*REQUIRED ACTION*: Except for images, print the whole listing verbatim.

*DATA SECTION*:
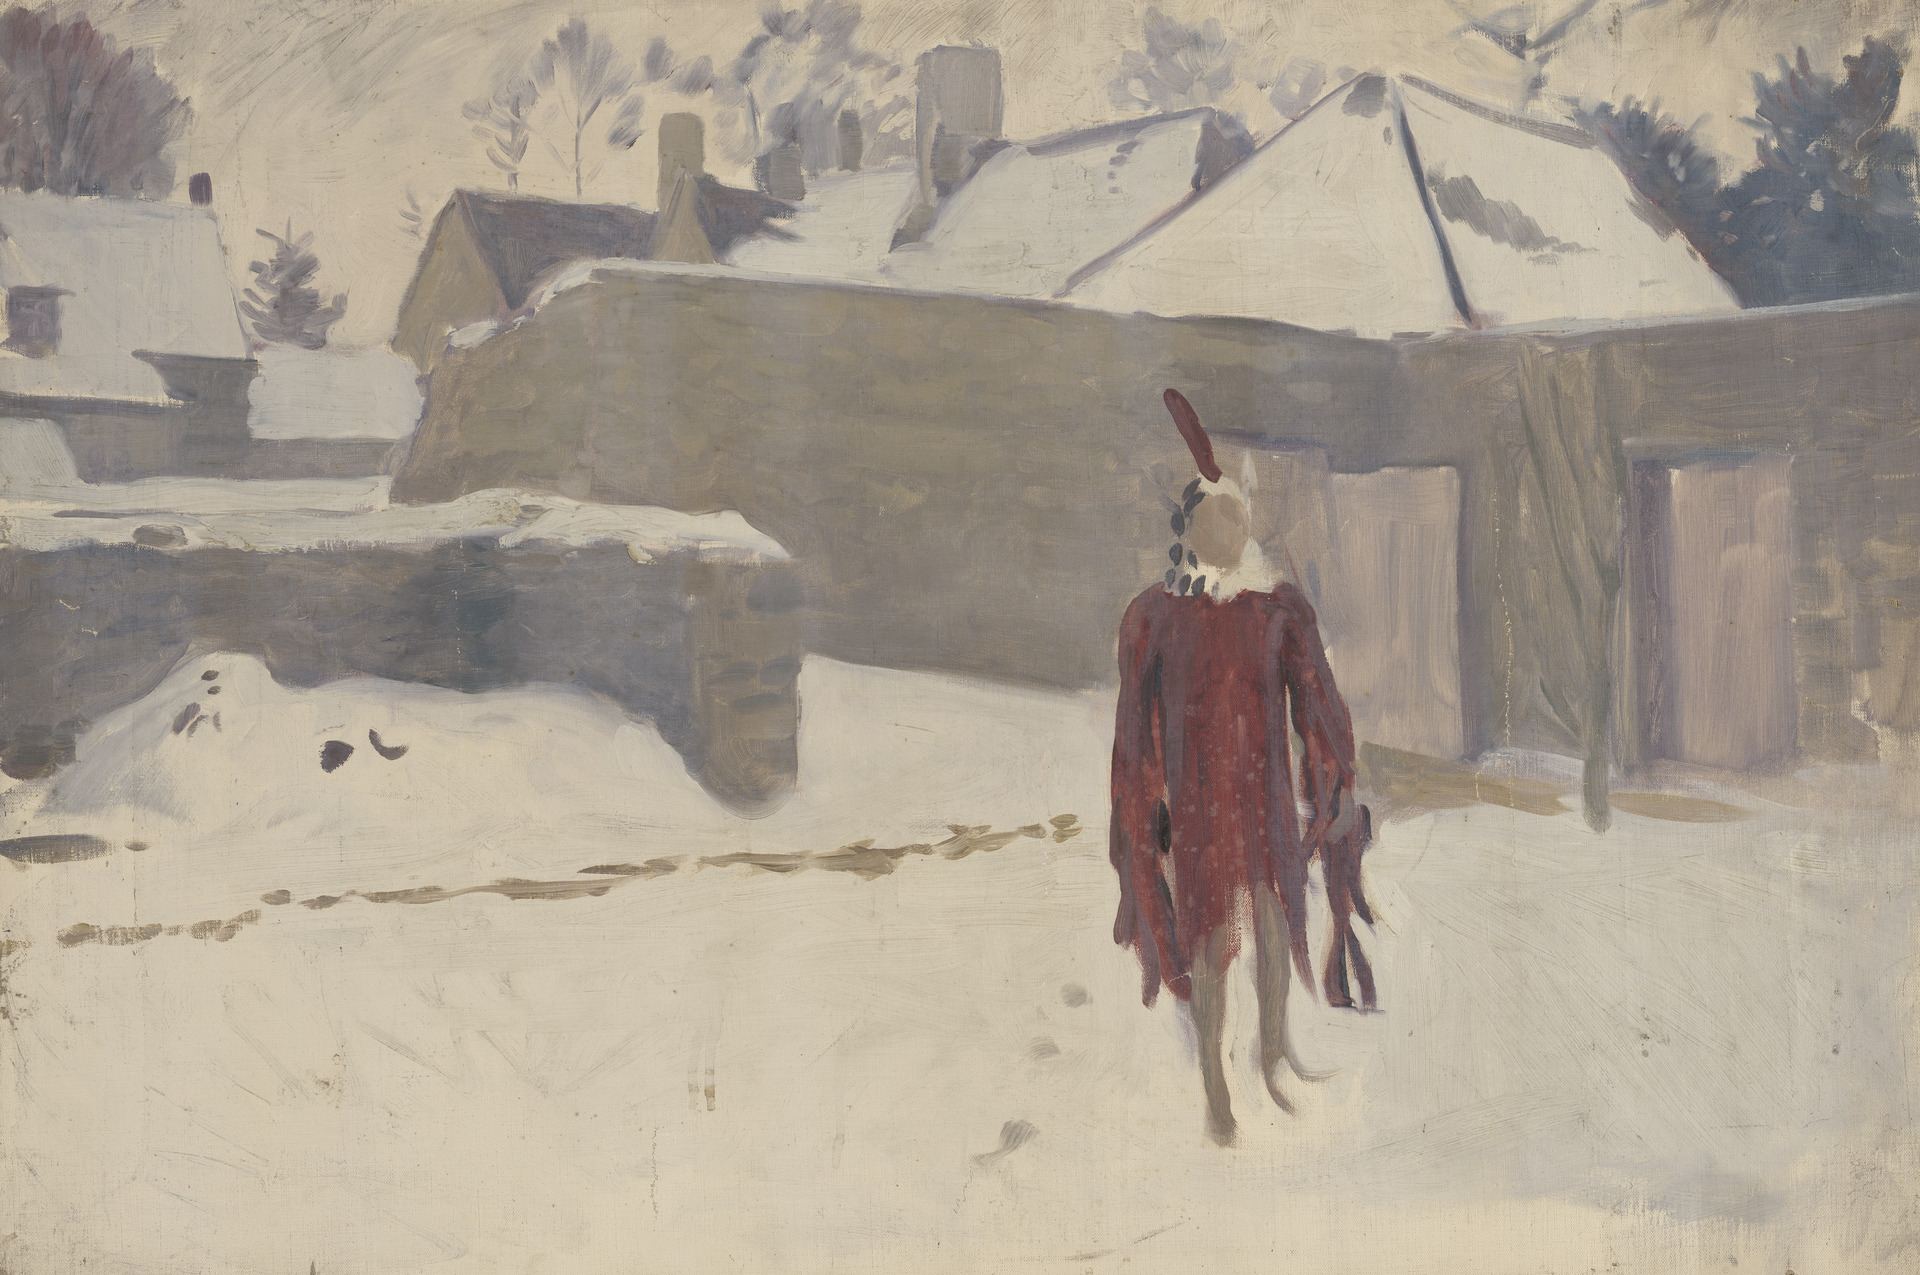 Mannikin im Schnee by John Singer Sargent - ca. 1891–93 - 63.5 x 76.2 cm Yale University Art Gallery
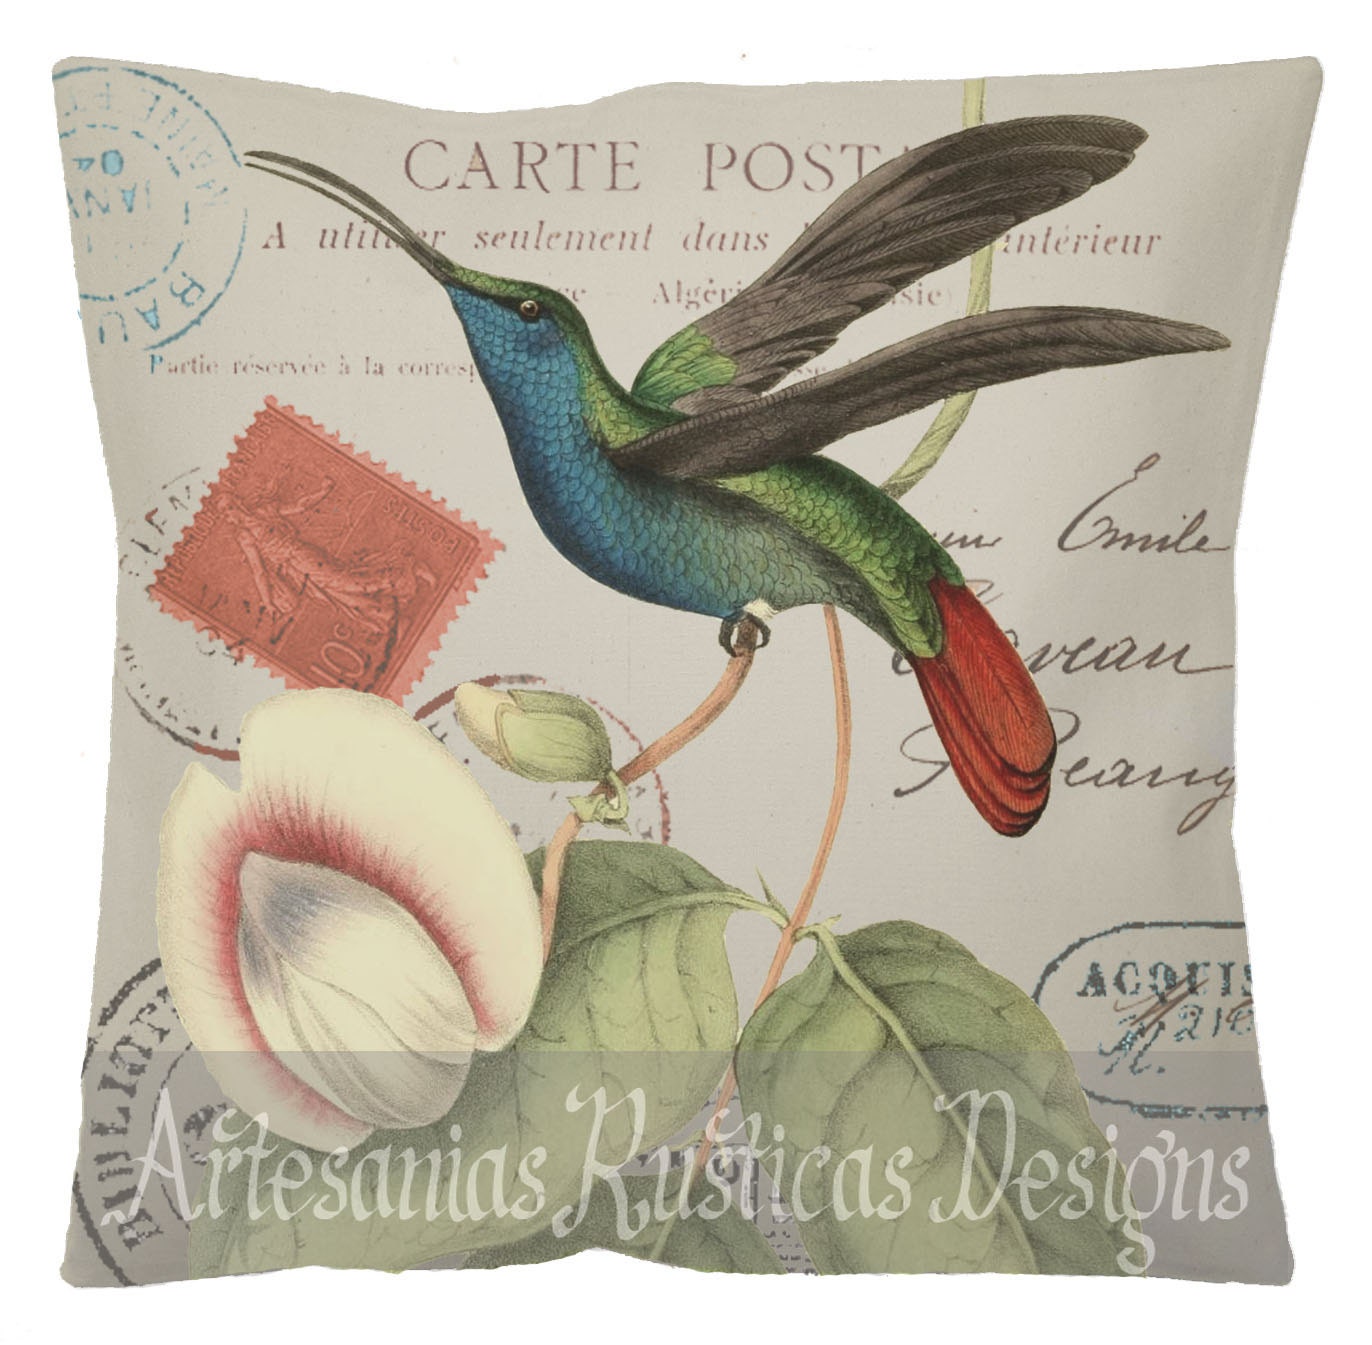 Retro-Chic Hummingbird-Design Throw Pillow Cover
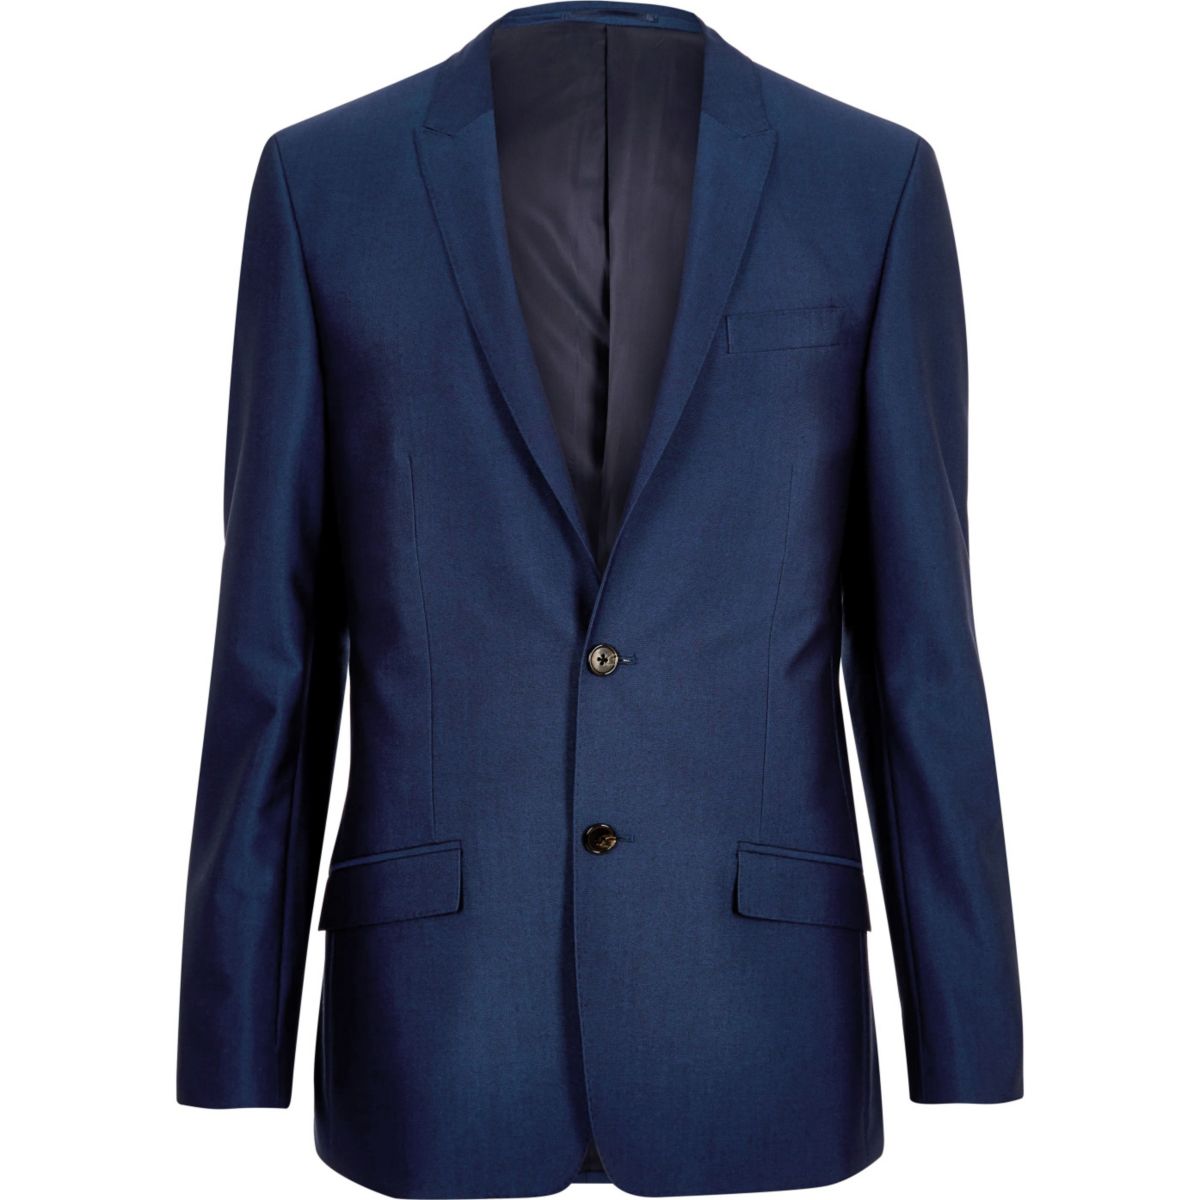 Bright blue skinny suit jacket - Seasonal Offers - Sale - men

*ANSWER TO THE EXERCISE*:
 Mannikin im Schnee by John Singer Sargent - ca. 1891–93 - 63.5 x 76.2 cm Yale University Art Gallery
 Retro-Chic Hummingbird-Design Throw Pillow Cover
 Bright blue skinny suit jacket - Seasonal Offers - Sale - men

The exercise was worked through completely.